- [Assignment]: Could you retype the lines below, starting at the line holding "Comedian Rita Brent" and stopping at the line holding "Three exterior views", inclusive? Copy them exactly and drop the images.

- [Information provided]:

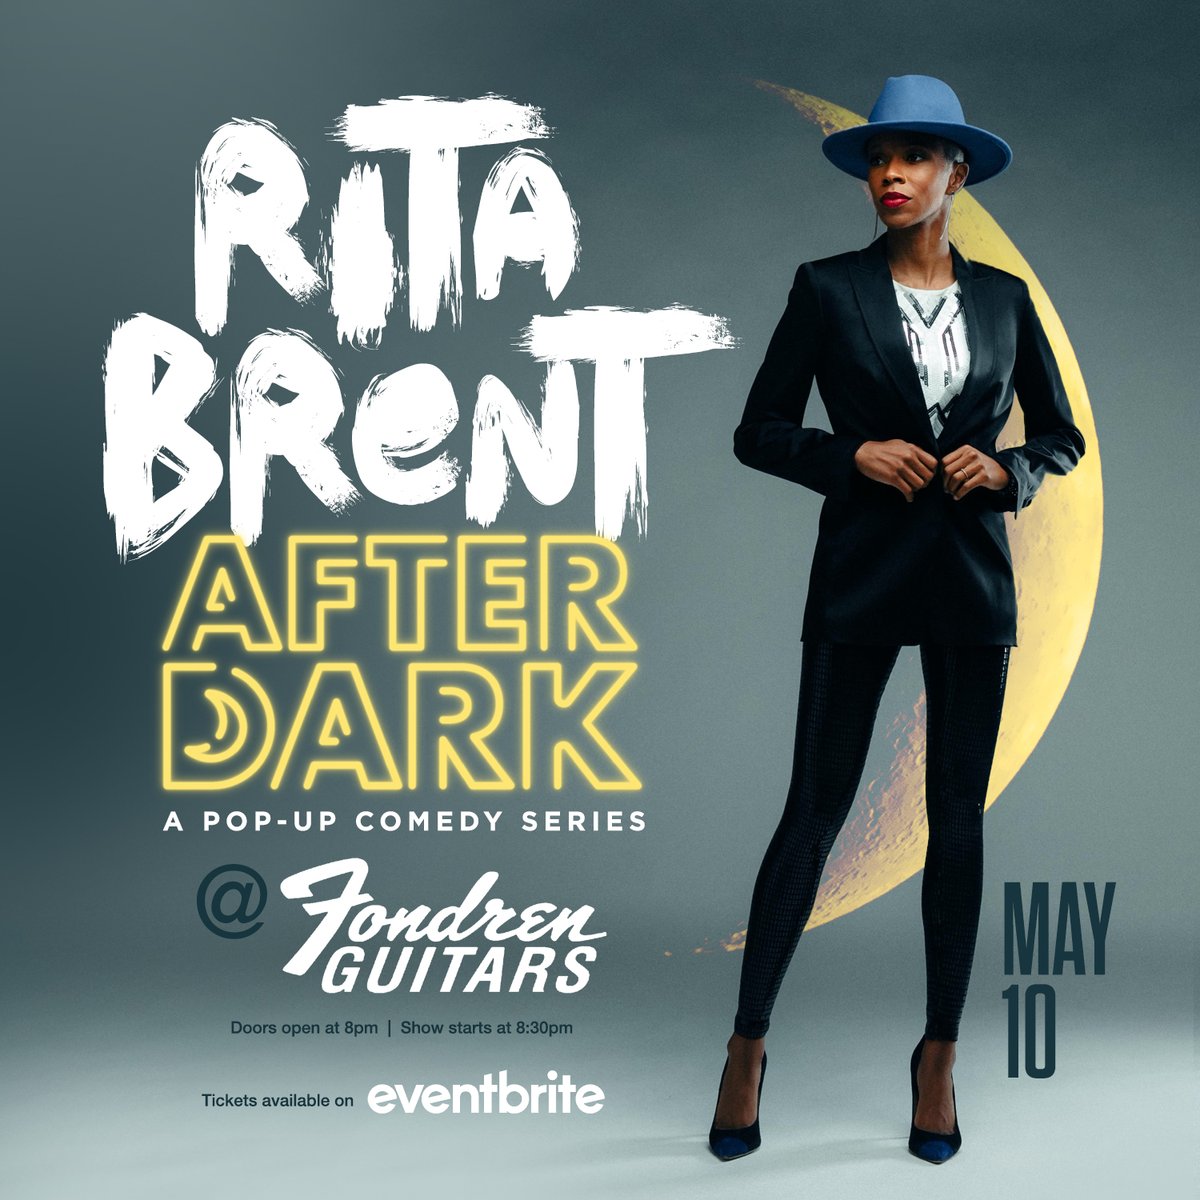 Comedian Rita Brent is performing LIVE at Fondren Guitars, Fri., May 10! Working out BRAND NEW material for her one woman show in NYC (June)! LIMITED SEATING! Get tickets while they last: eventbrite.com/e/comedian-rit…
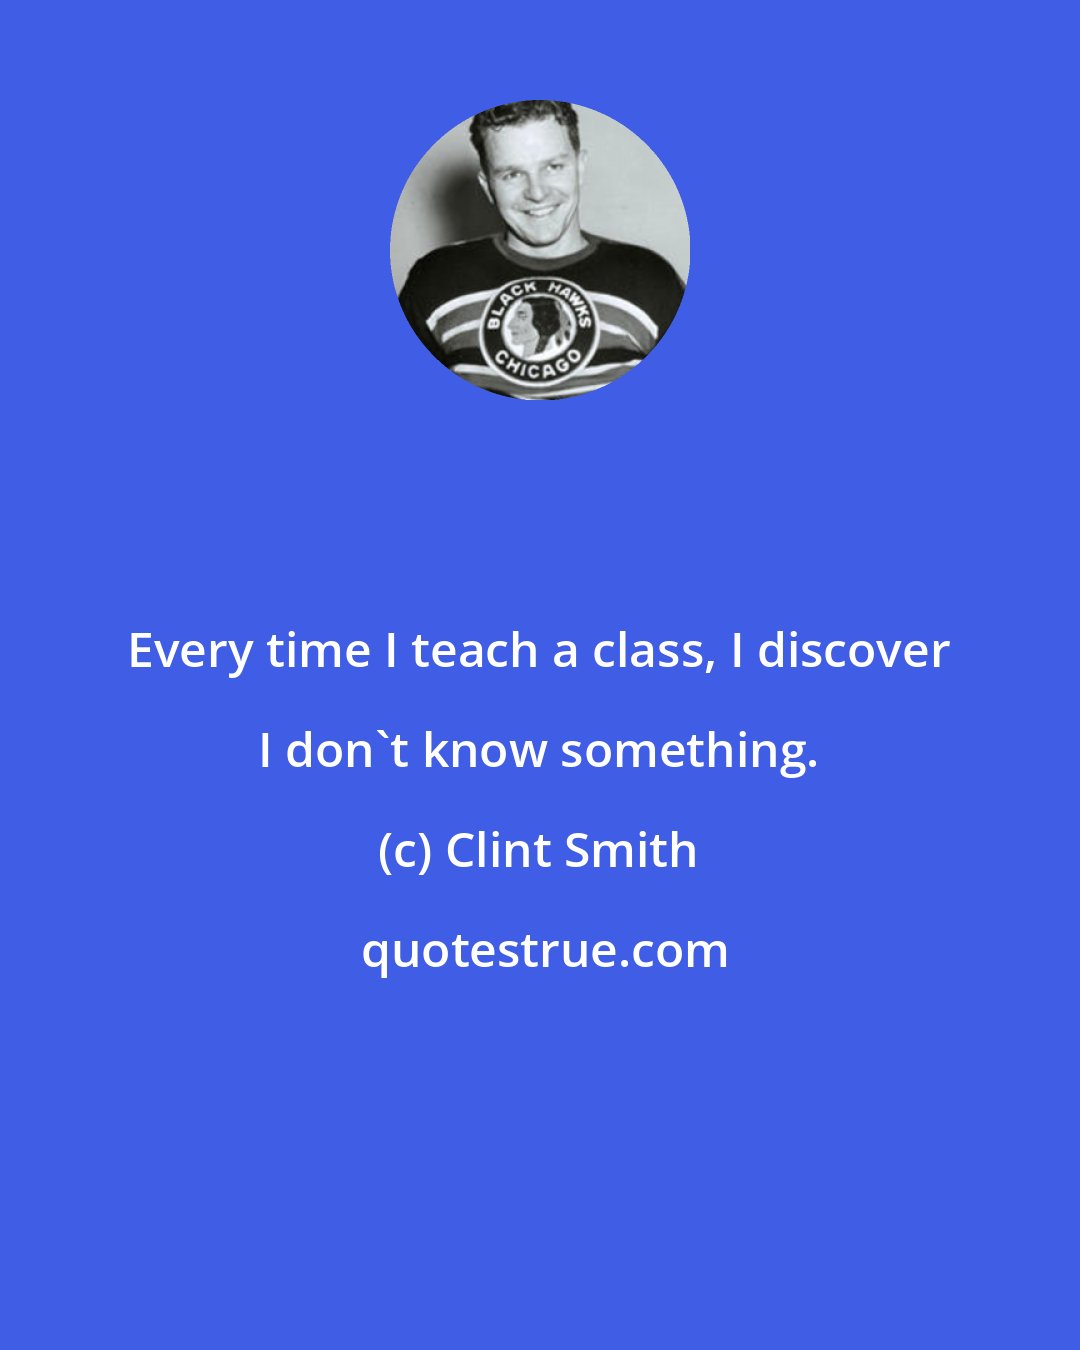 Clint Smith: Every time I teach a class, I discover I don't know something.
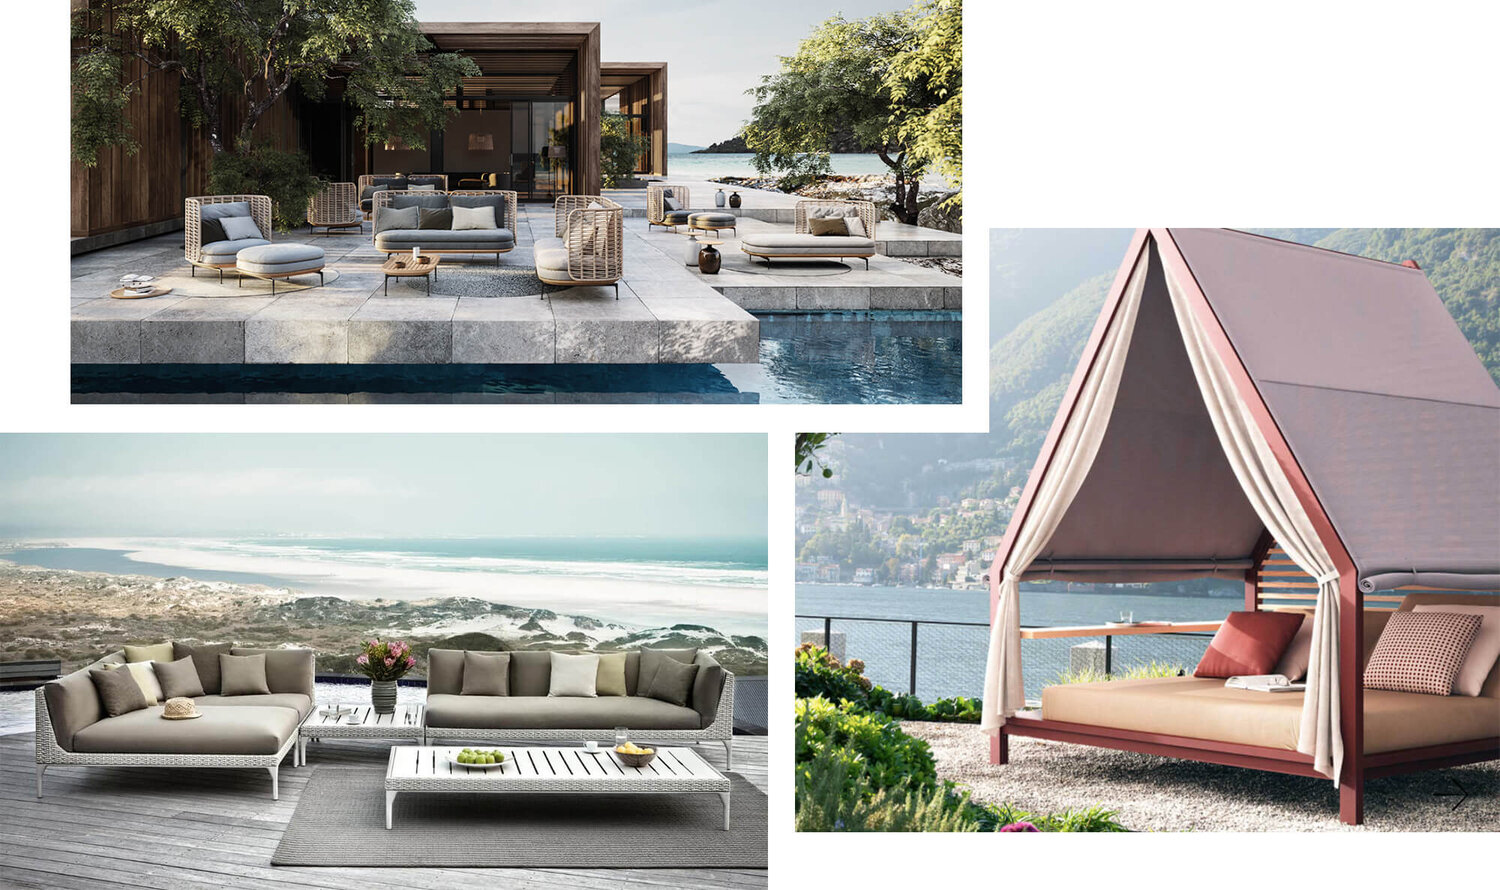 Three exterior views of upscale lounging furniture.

==

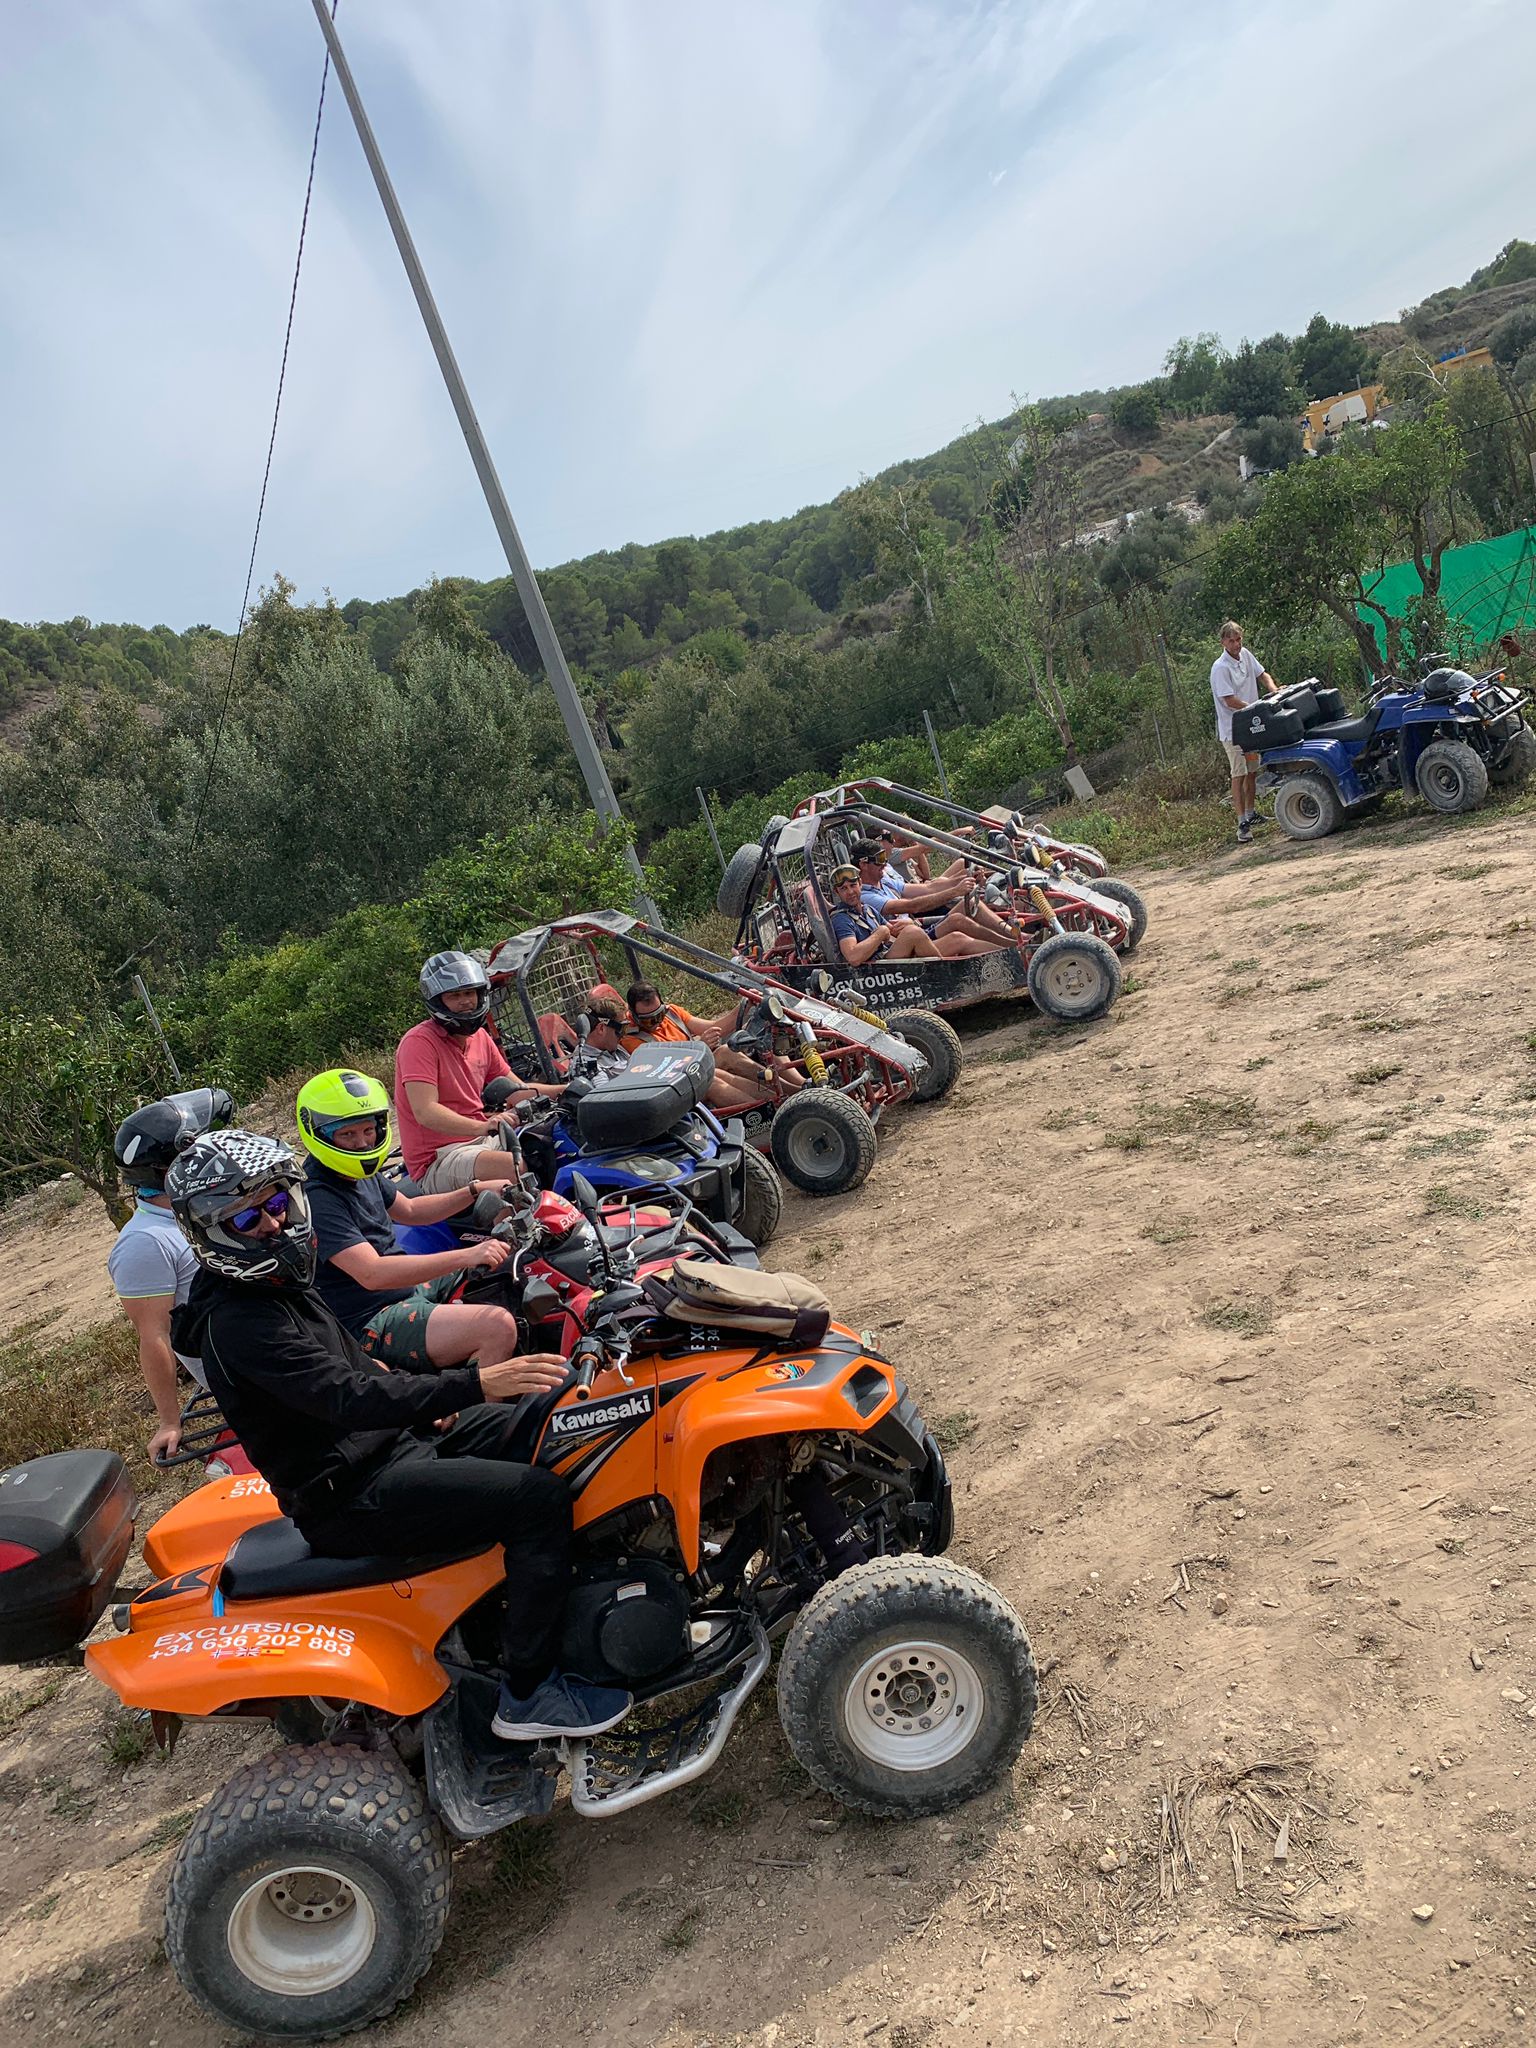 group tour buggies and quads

--

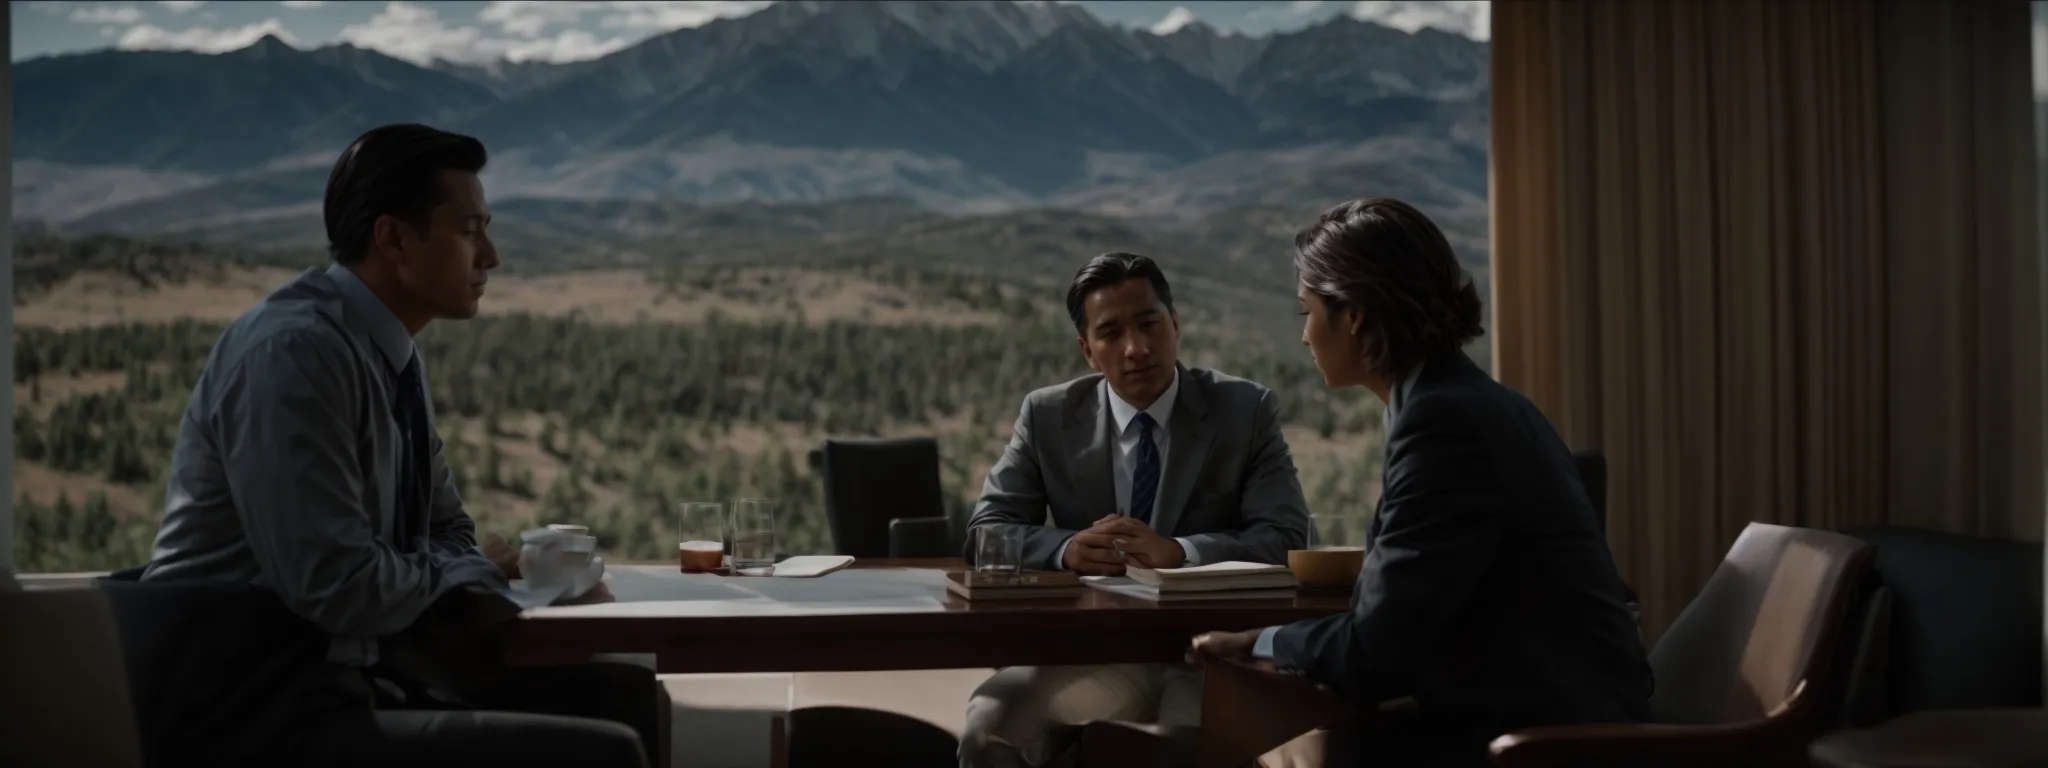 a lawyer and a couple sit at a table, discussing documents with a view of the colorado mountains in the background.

- [Result of this exercise]:
 Comedian Rita Brent is performing LIVE at Fondren Guitars, Fri., May 10! Working out BRAND NEW material for her one woman show in NYC (June)! LIMITED SEATING! Get tickets while they last: eventbrite.com/e/comedian-rit…
 Clint Smith: Every time I teach a class, I discover I don't know something.
 Three exterior views of upscale lounging furniture.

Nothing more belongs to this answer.